Information shown.
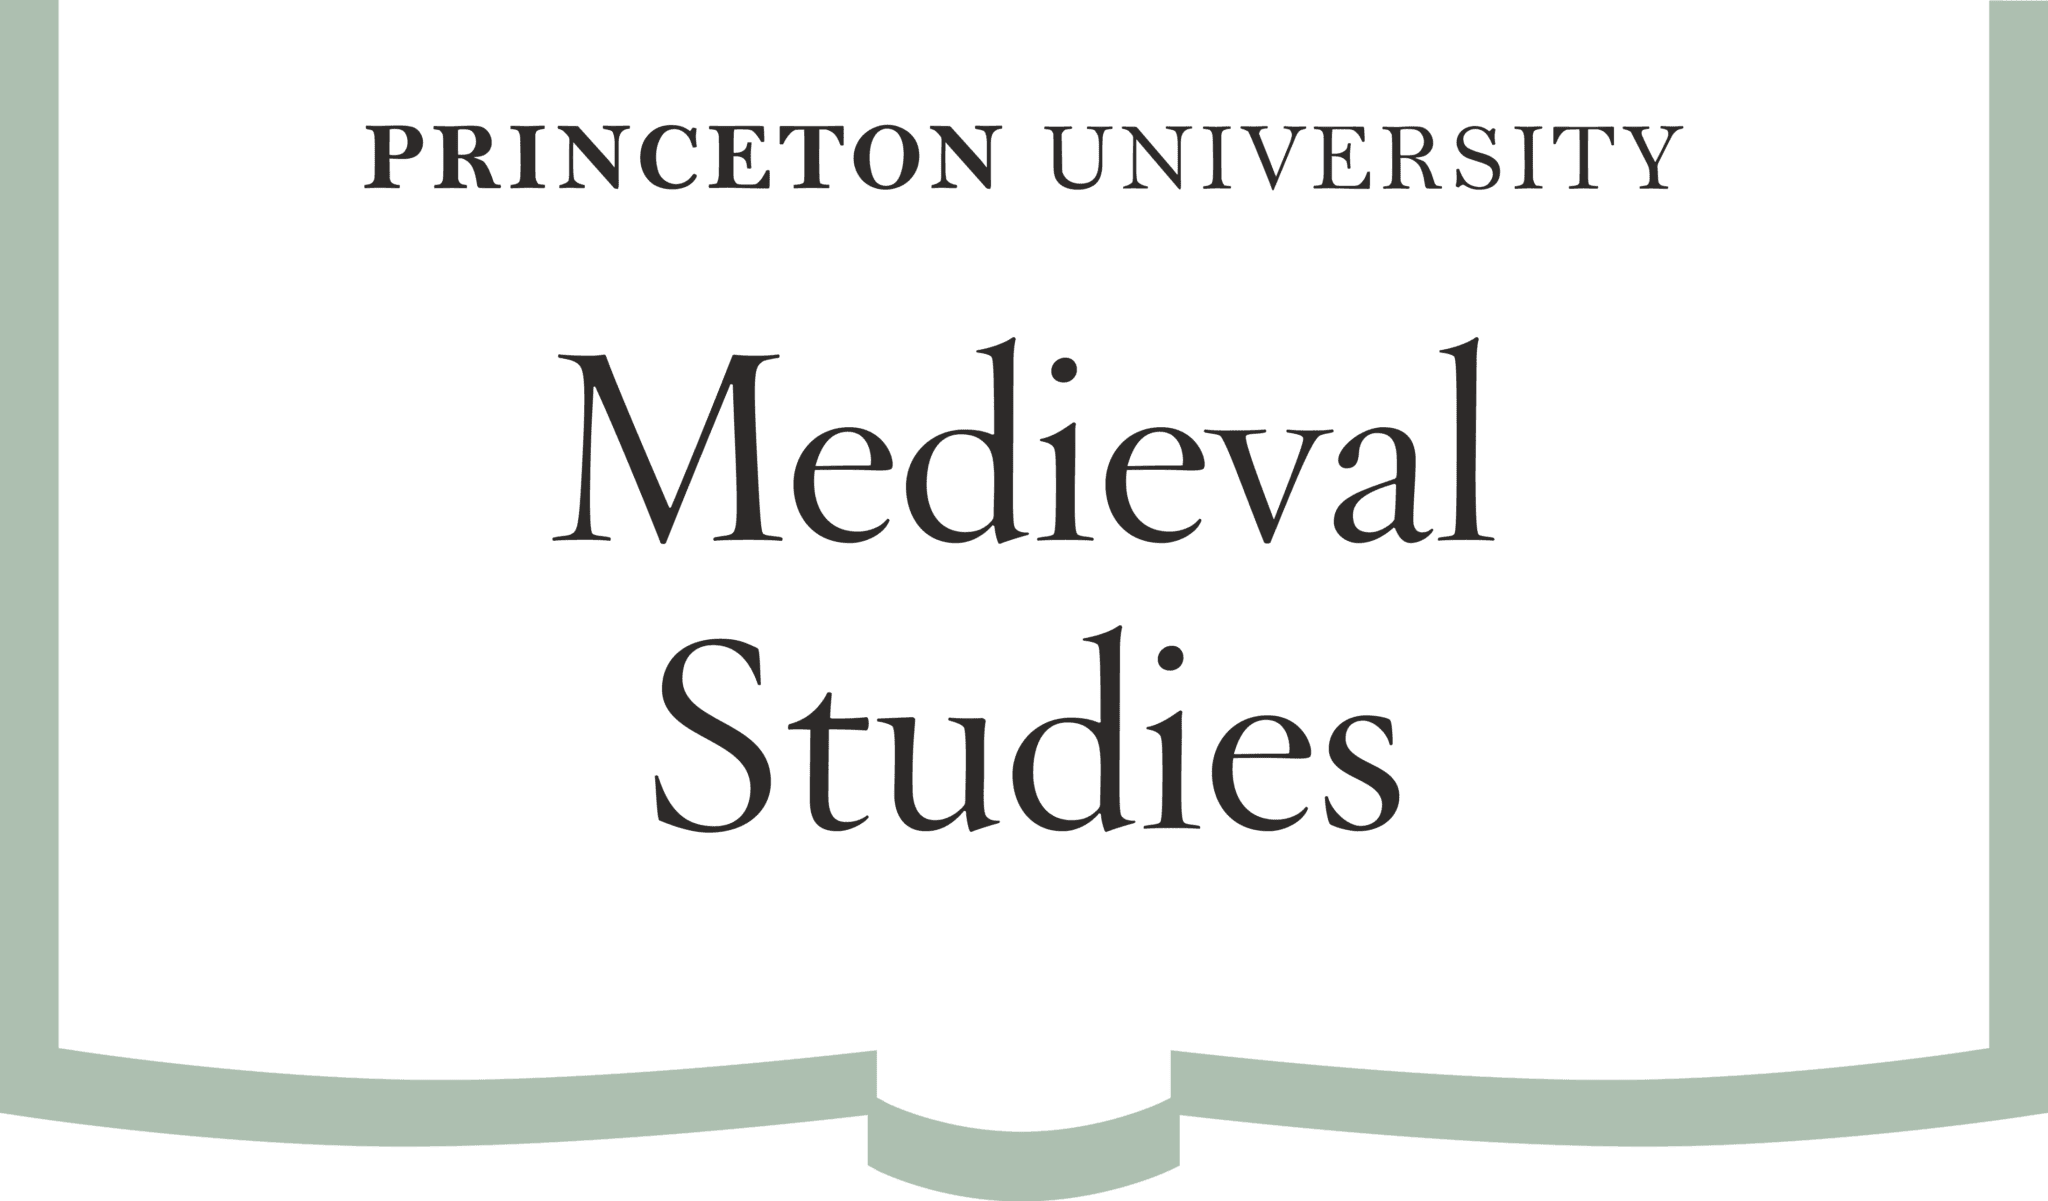 Medieval Studies
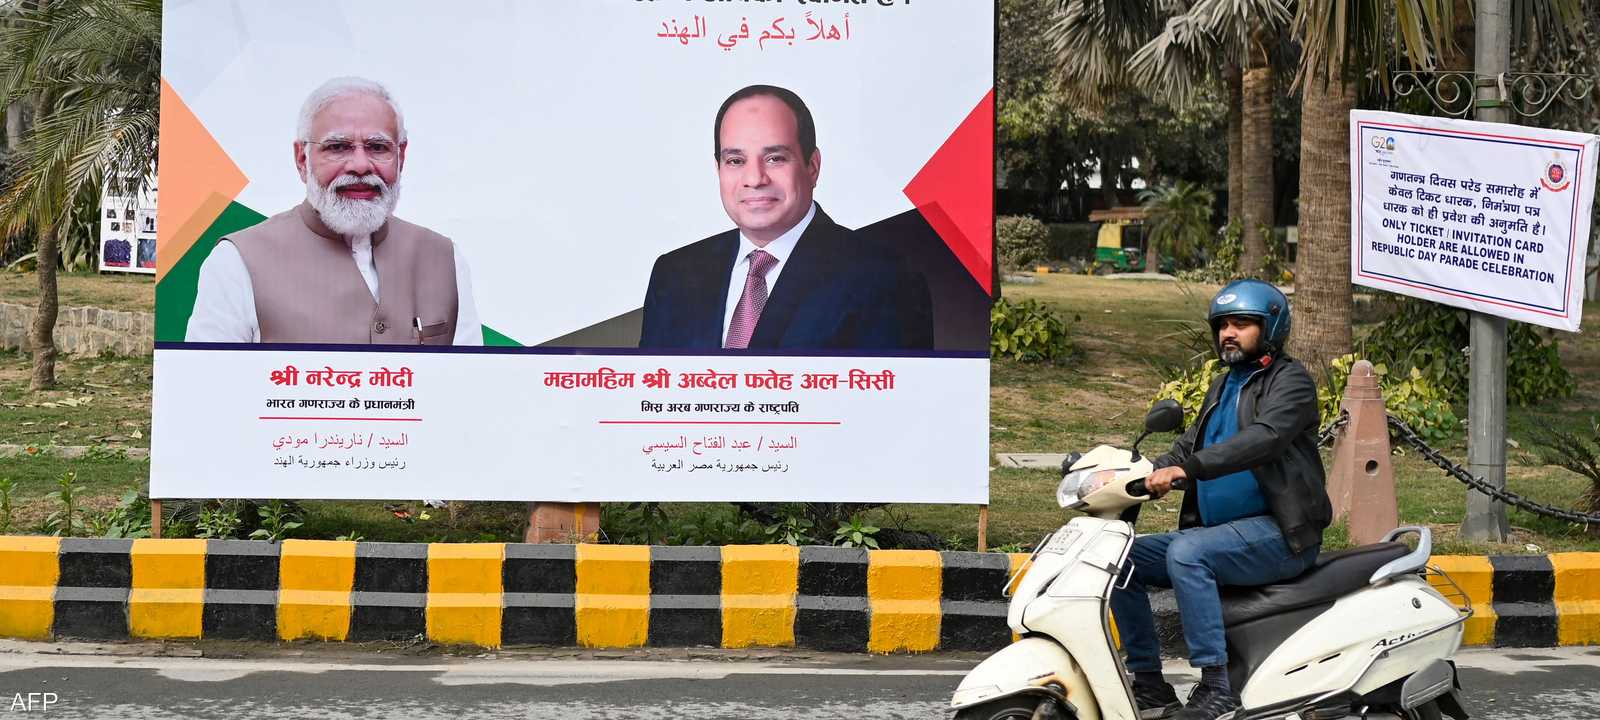 الهند ترحب بزيارة الرئيس المصري عبد الفتاح السيسي
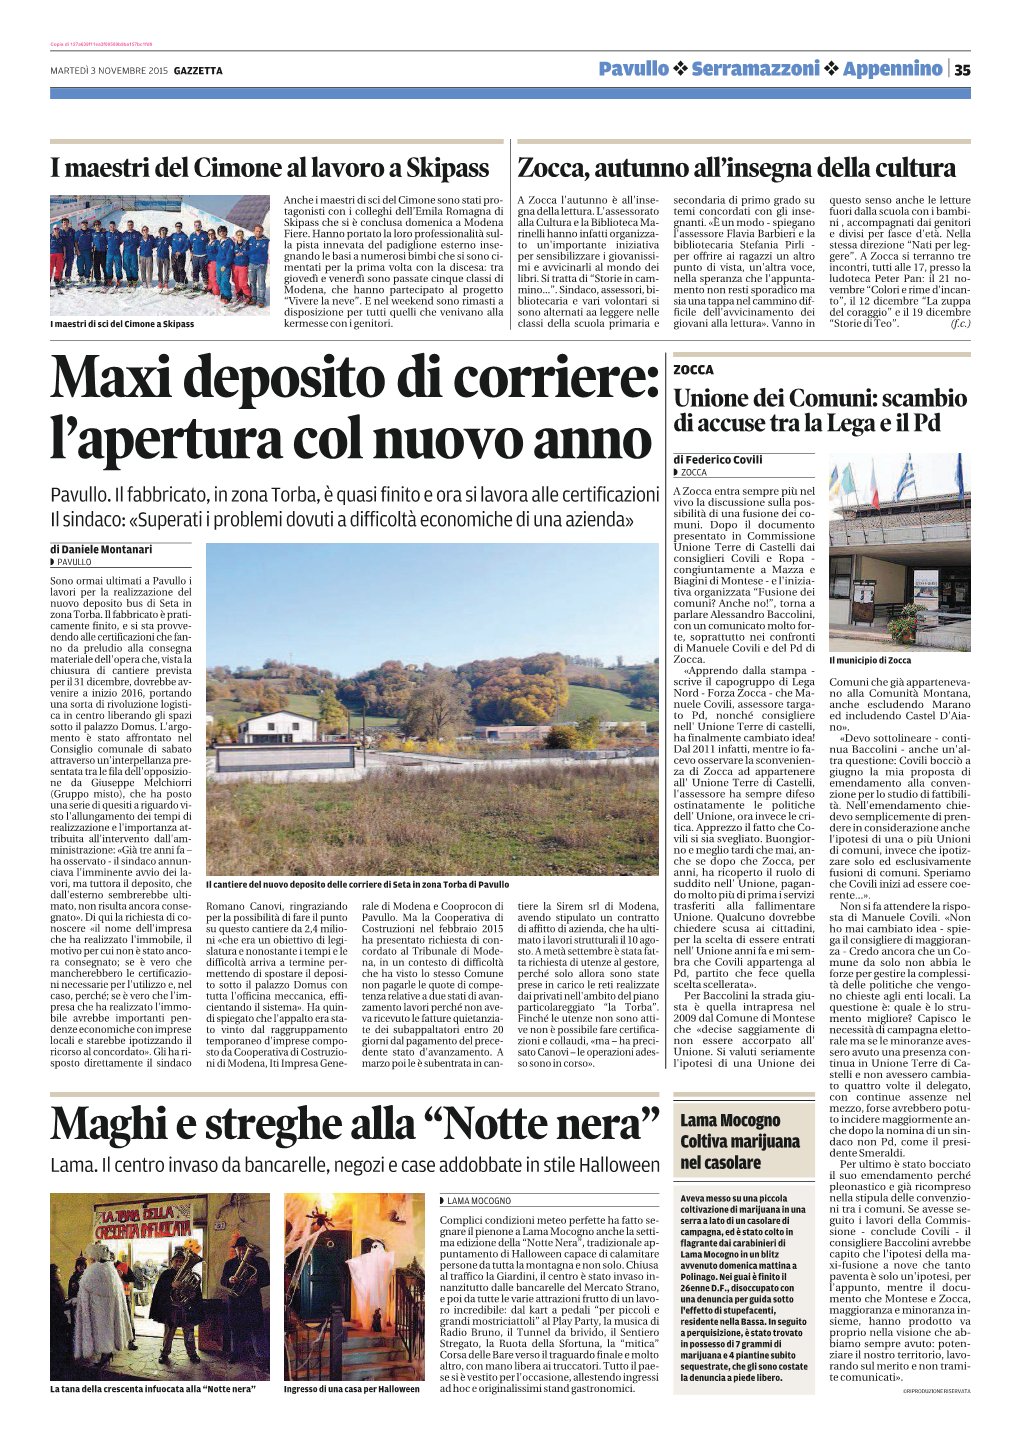 Maxi Deposito Di Corriere: L'apertura

What you need to do.
Output all the data above verbatim, leaving out images.

Solution to the problem.
 Medieval Studies
 الهند ترحب بزيارة الرئيس المصري عبد الفتاح السيسي
 Maxi Deposito Di Corriere: L'apertura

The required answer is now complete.